WHAT THE EXERCISE ASKS: Word for word, copy out the data below, omitting pictures.

PROVIDED DATA:

• • • • •

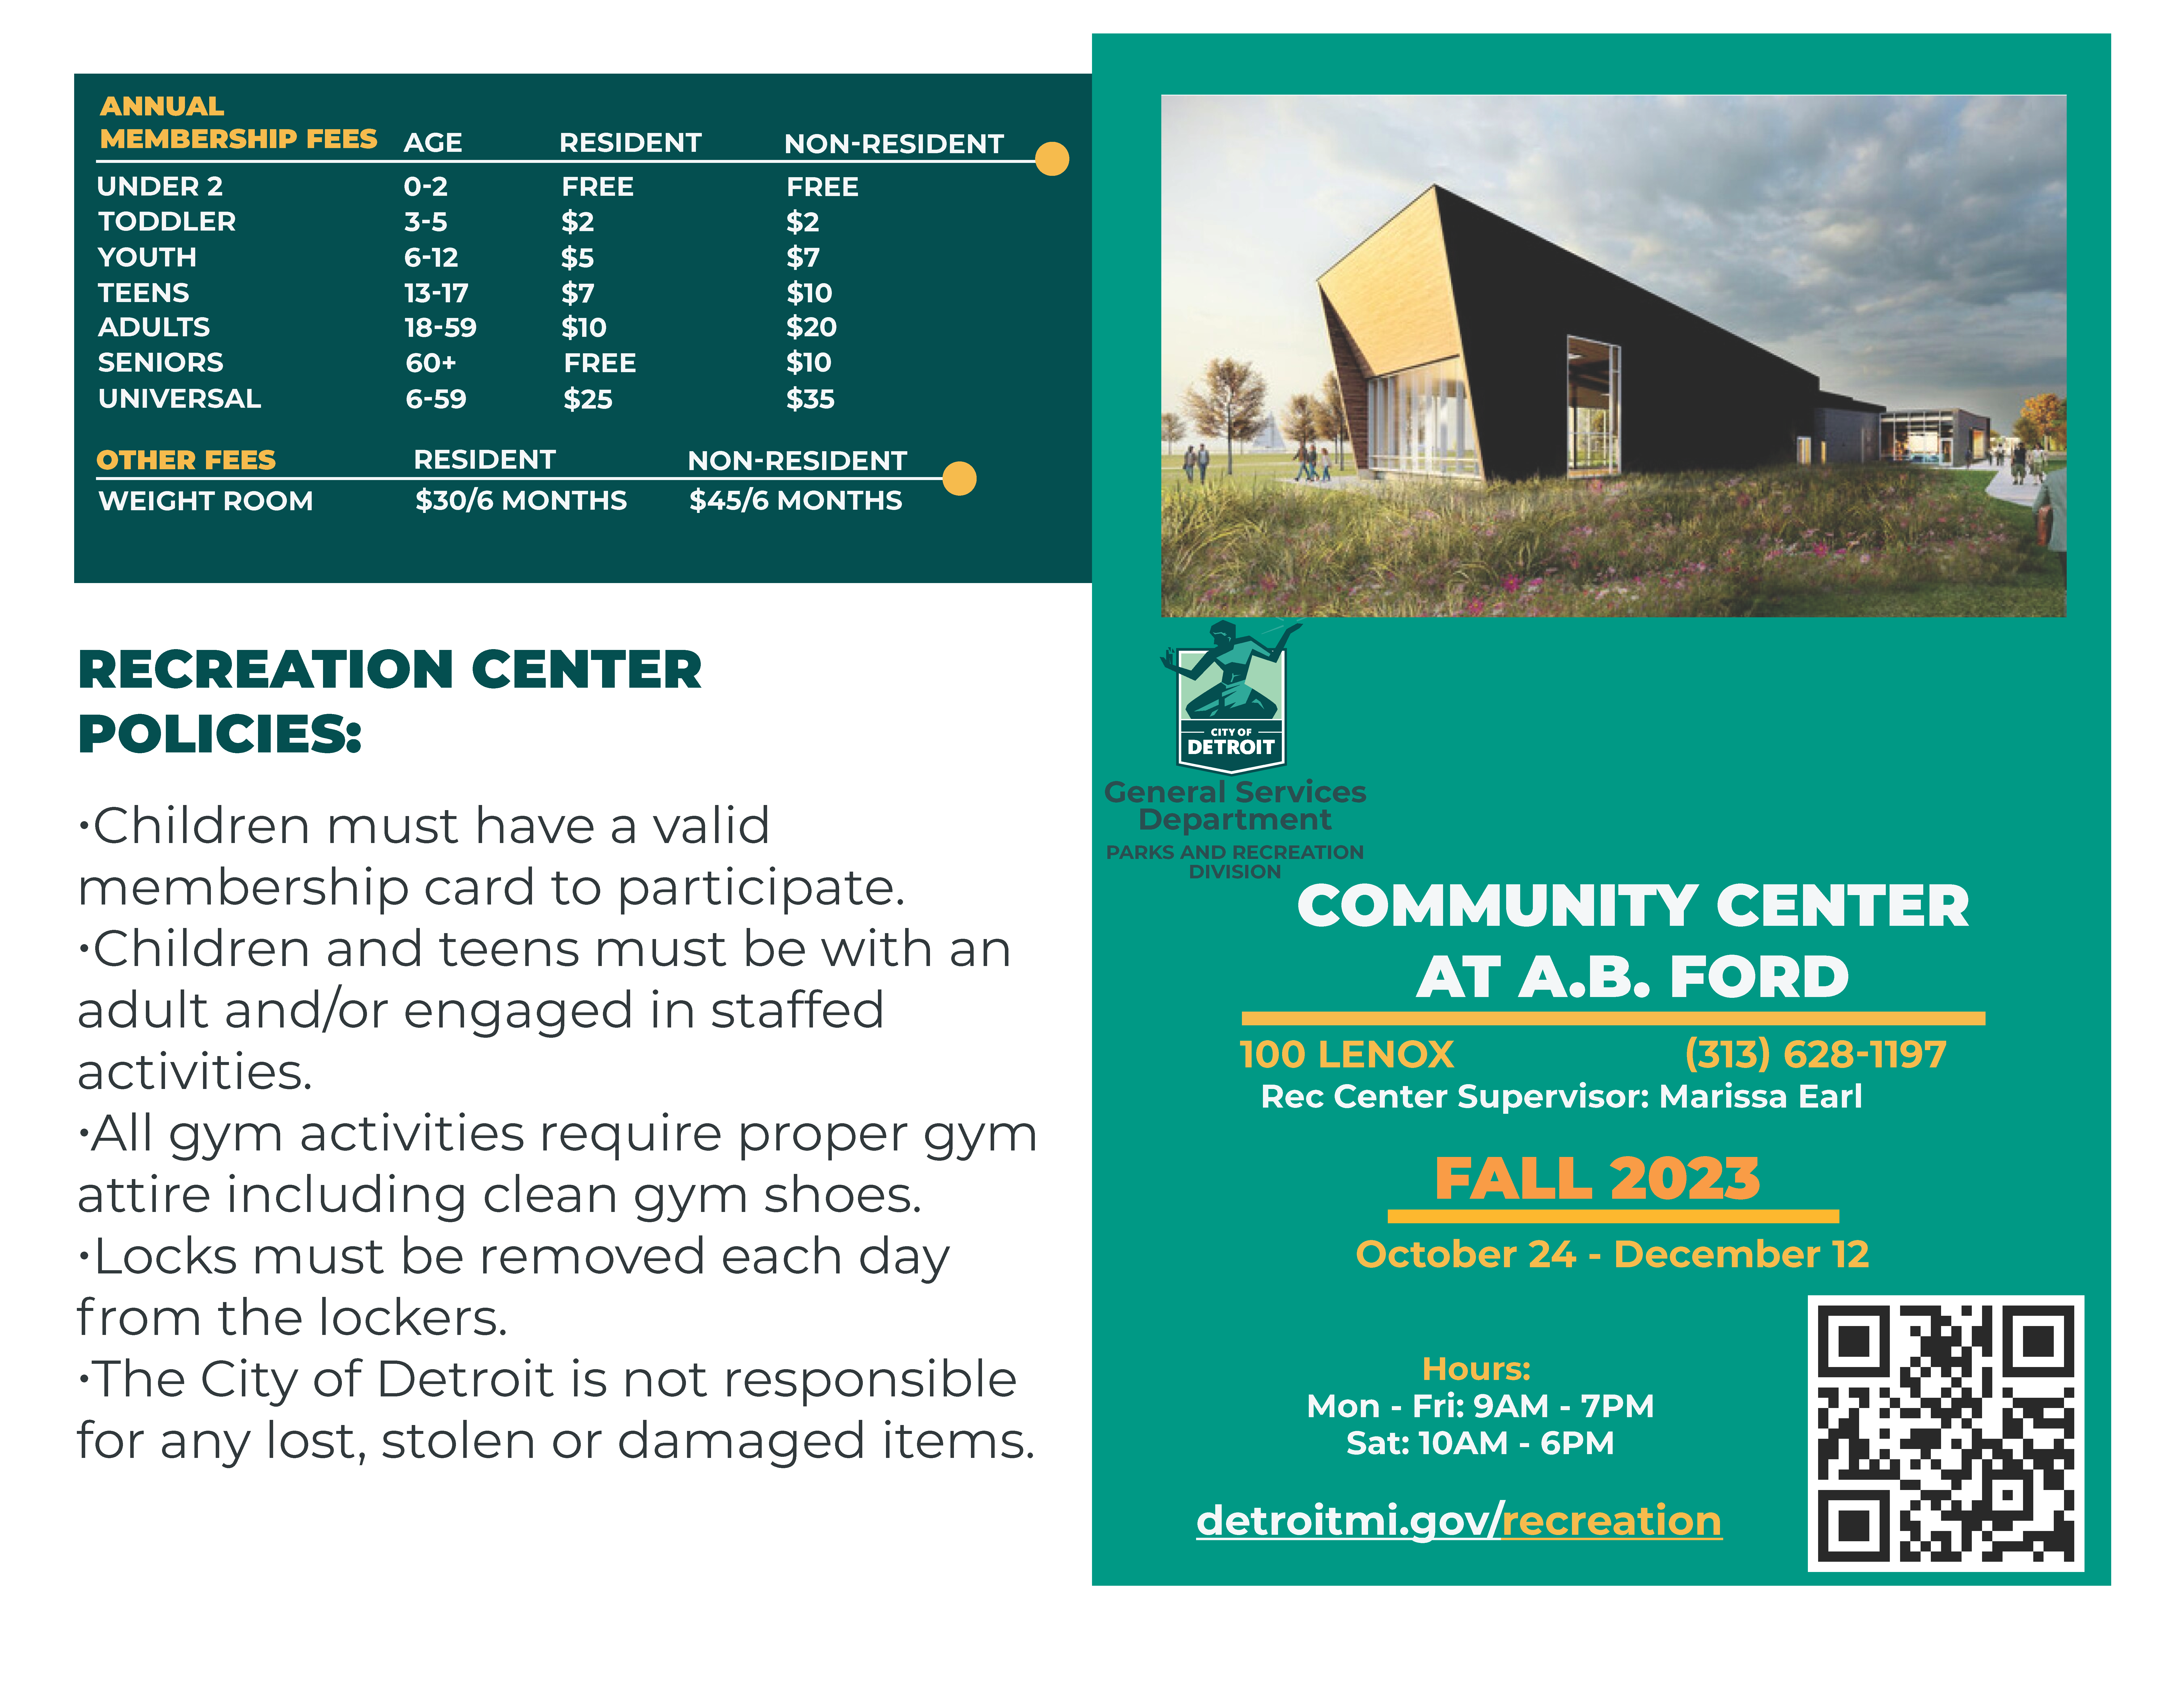 Fall Info Community Center @ A.B. Ford
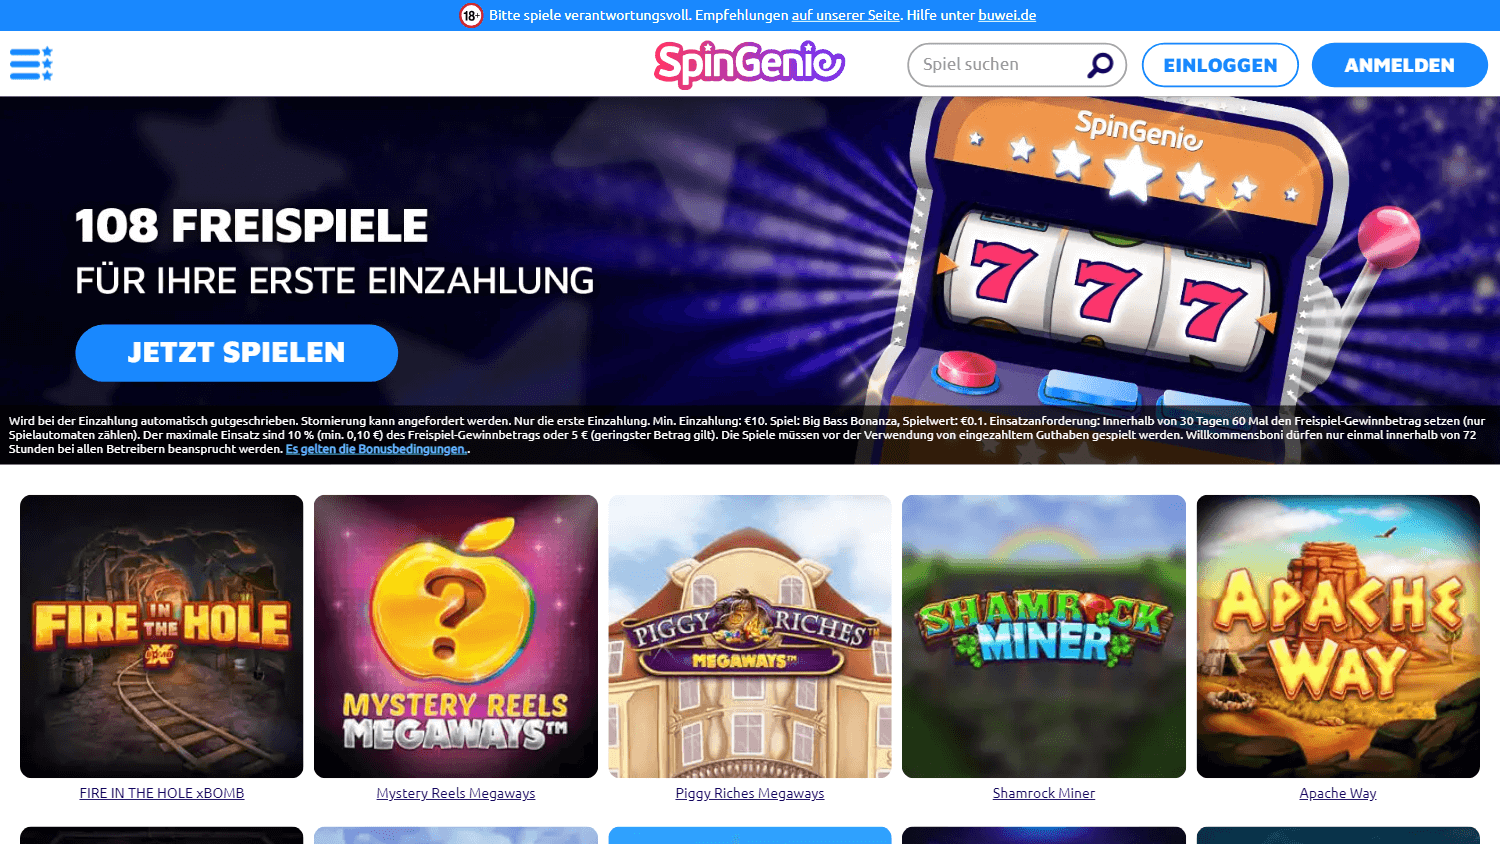 spingenie_casino_de_homepage_desktop
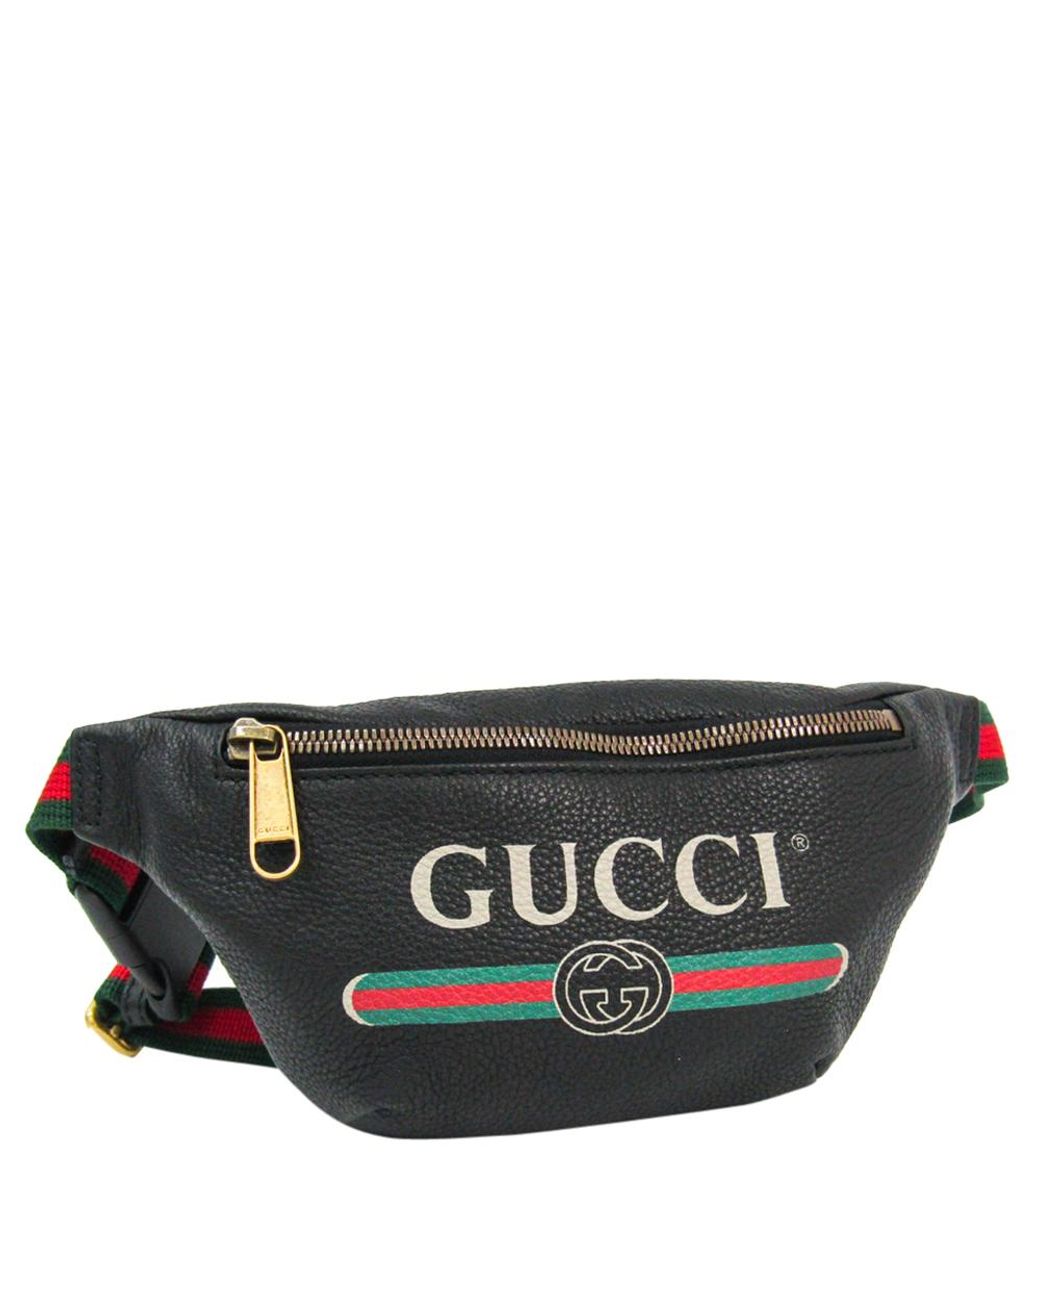 gucci belt bag small size

• • • • •

TASK SOLUTION:
 Fall Info Community Center @ A.B. Ford
 spingenie_casino_de_homepage_desktop
 gucci belt bag small size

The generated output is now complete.